• [TASK TO COMPLETE]: Give back exactly the lines of the material below that start at the line containing "South Dakota Public Records" and end at the line containing "Camiseta de tirantes", and no others.

───── PROVIDED DATA ─────

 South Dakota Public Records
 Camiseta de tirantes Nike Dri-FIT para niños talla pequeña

─────
───── PROVIDED DATA ─────

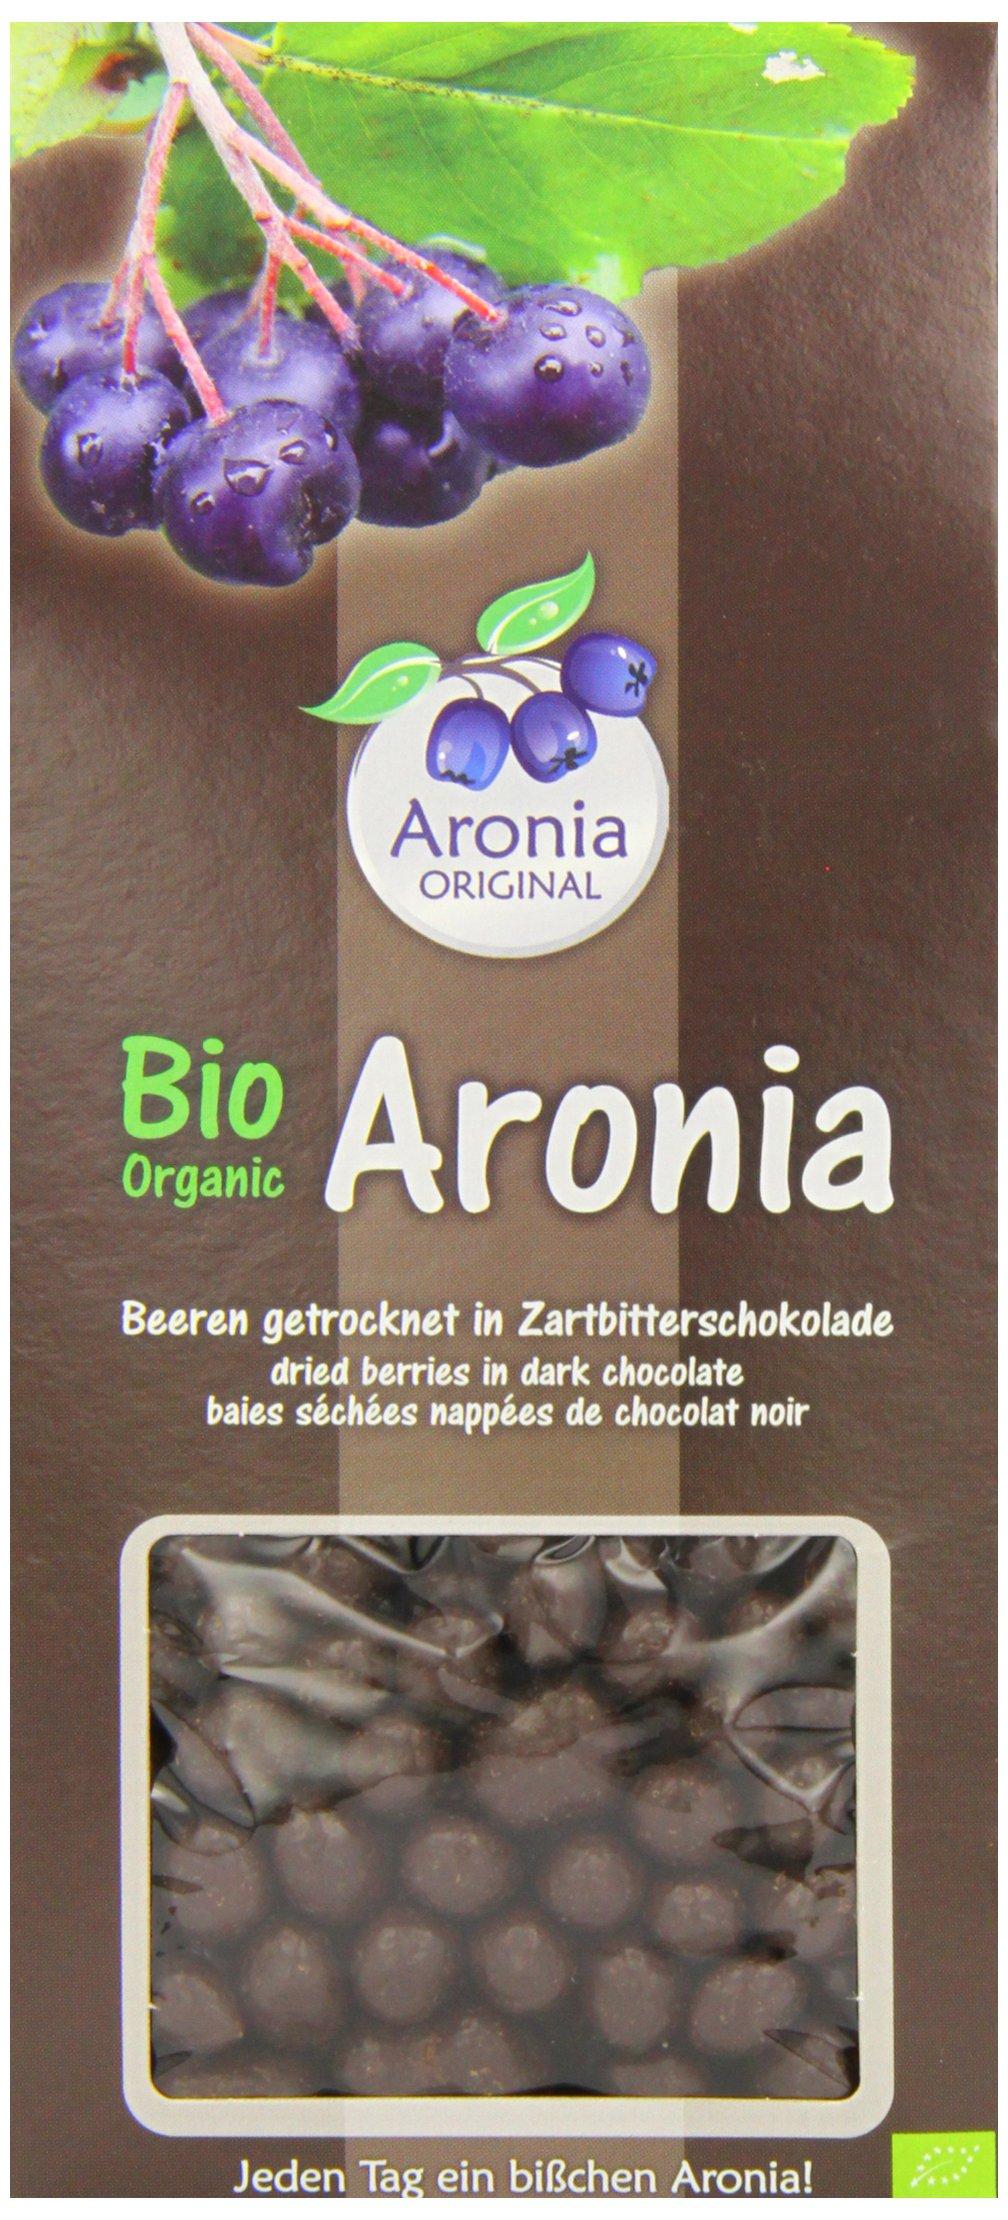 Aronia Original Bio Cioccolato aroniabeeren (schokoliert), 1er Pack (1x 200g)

─────

• [RESPONSE BELOW]:
 South Dakota Public Records
 Camiseta de tirantes Nike Dri-FIT para niños talla pequeña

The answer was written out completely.